The U.S. Department of Labor issued a rule on April 23, setting a new minimum salary rate of $43,888 per year ($888 per week) for overtime exemption, effective July 1.  Right now, the minimum is $35,568 per year ($684 per week).  Starting on January 1, 2025, under the new rule, the minimum will go up again, to $58,656 per year ($1,128 per week).

Workers with qualifying duties under the executive, administrative, and professional (“white collar”) exemptions have to be paid on a salary basis (essentially, the same amount each week that any work is performed, no matter how much or how little work is done) at a qualifying rate.  The exemption relieves the employer from the duty to pay 1 ½ the regular hourly rate for all time over 40 hours worked in a week. The January salary threshold rise will affect some 3 million workers, DOL estimates.  That rate is designed to match the 35th percentile of full- time salary earnings in the lowest paid U.S. Census region, the South.  

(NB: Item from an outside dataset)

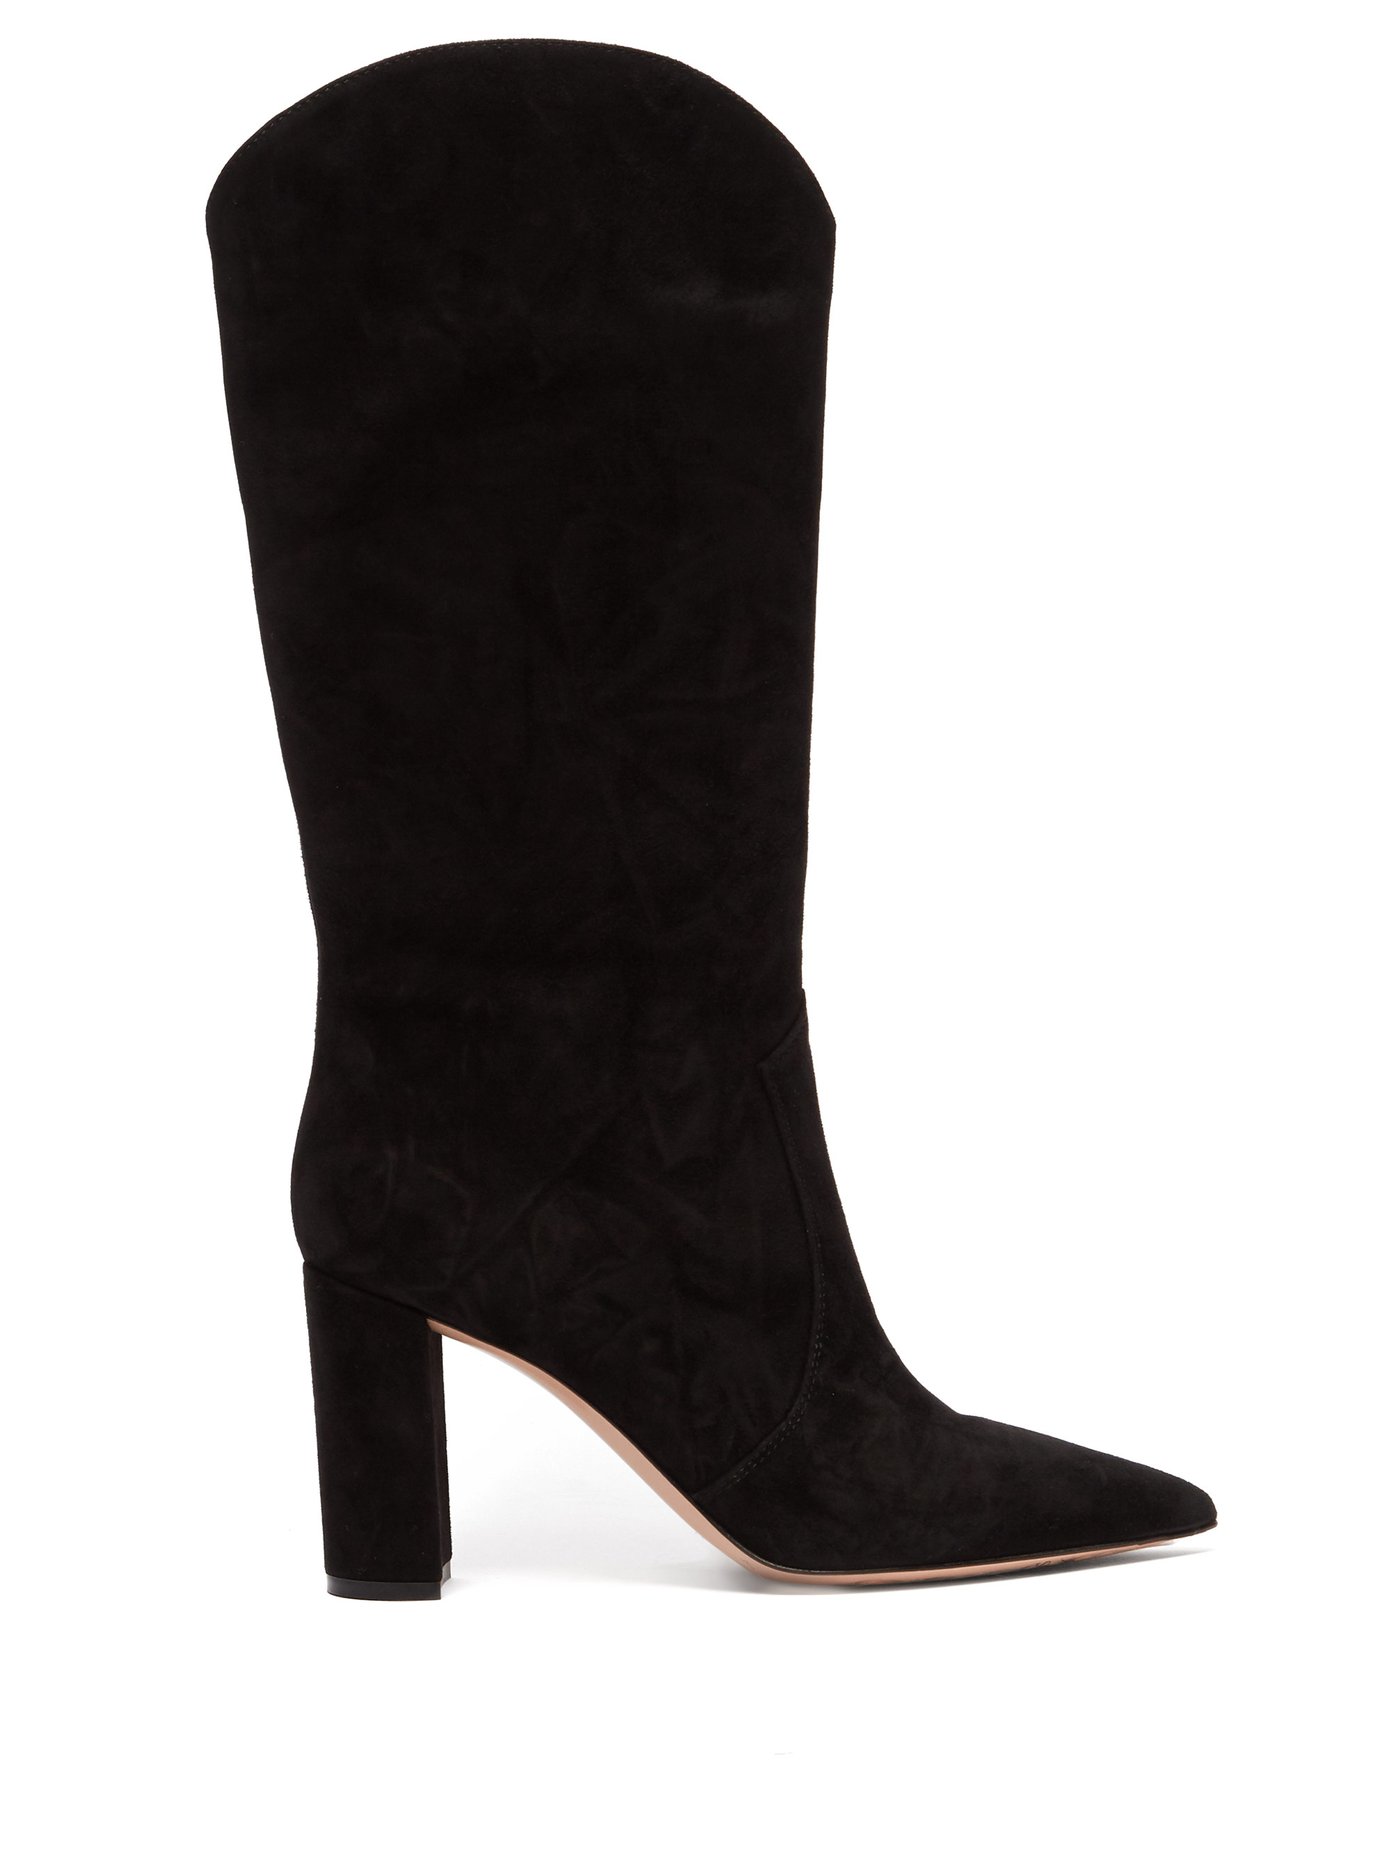 gianvito rossi knee high boots

Non-Connecticut employers can sometimes take advantage of an exemption from overtime pay for highly compensated non-manual workers with at least one “white collar’ job responsibility if they earn at or above a six-figure annual threshold, part of which must be in the form of salary.  The new rule raises that figure as well, from the current $107,432 to $132,964 in July, and $151,164 in January.  Here the design is to track the 85th percentile of nationwide earnings.   

Automatic upgrades will occur every three years based on current earnings data under the new rule.  

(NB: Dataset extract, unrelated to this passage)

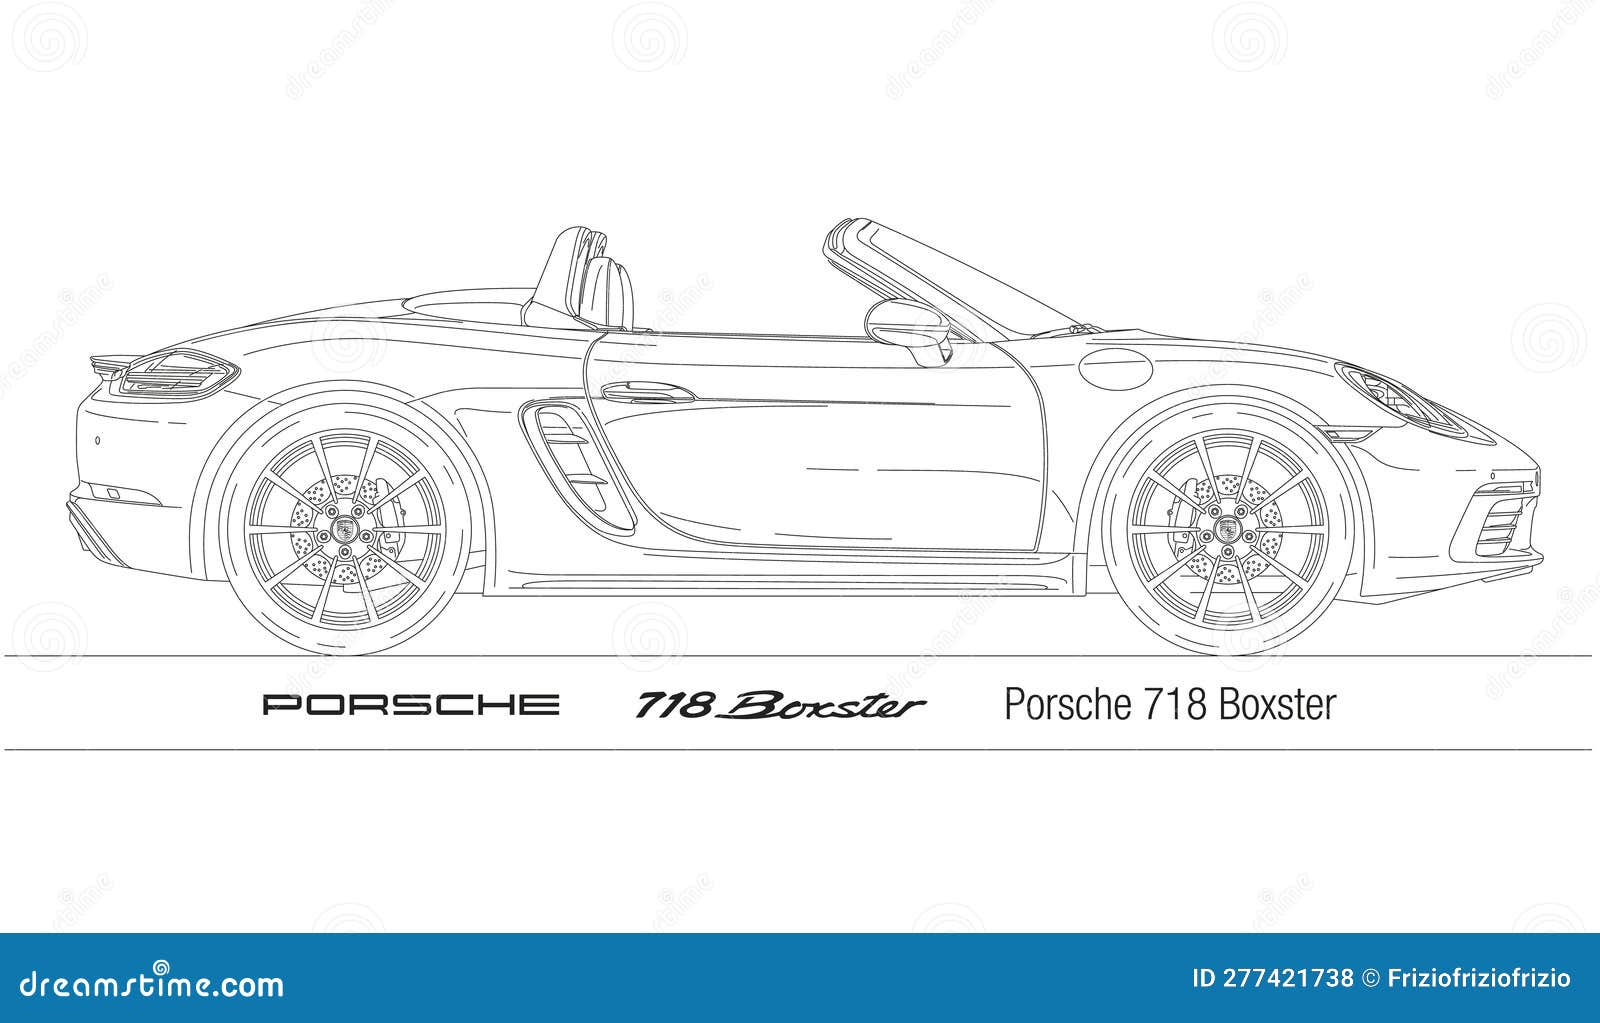 How to draw Porsche 918 Spyder  Supercars  Sketchok easy drawing guides

Employers should immediately assess the impact of this change on their operations.  Effective responses can vary from raising salaries to meet the new thresholds, to limiting overtime work, to redistributing duties for more efficiency.  

Compliance with wage regulation is critical for business.  Enforcement activity by State and federal agencies appears to be on the rise, as do cases brought by workers, both individually and on a class basis.  Remedies for non-compliance can be expected to be more expensive than initial compliance. Triple damages can be awarded for willful violations of the wage and hour laws, as can attorneys’ fees and costs.  The employer’s own defense costs in administrative and court proceedings can be substantial.   Why not try to do it right in the first place?

The DOL’s new rule is certain to be challenged in court cases by industry groups supported by many lawmakers.  Compliance won’t be excused by the pendency of any such court challenge unless some injunction is issued by a court and then, likely only in the jurisdiction of that court.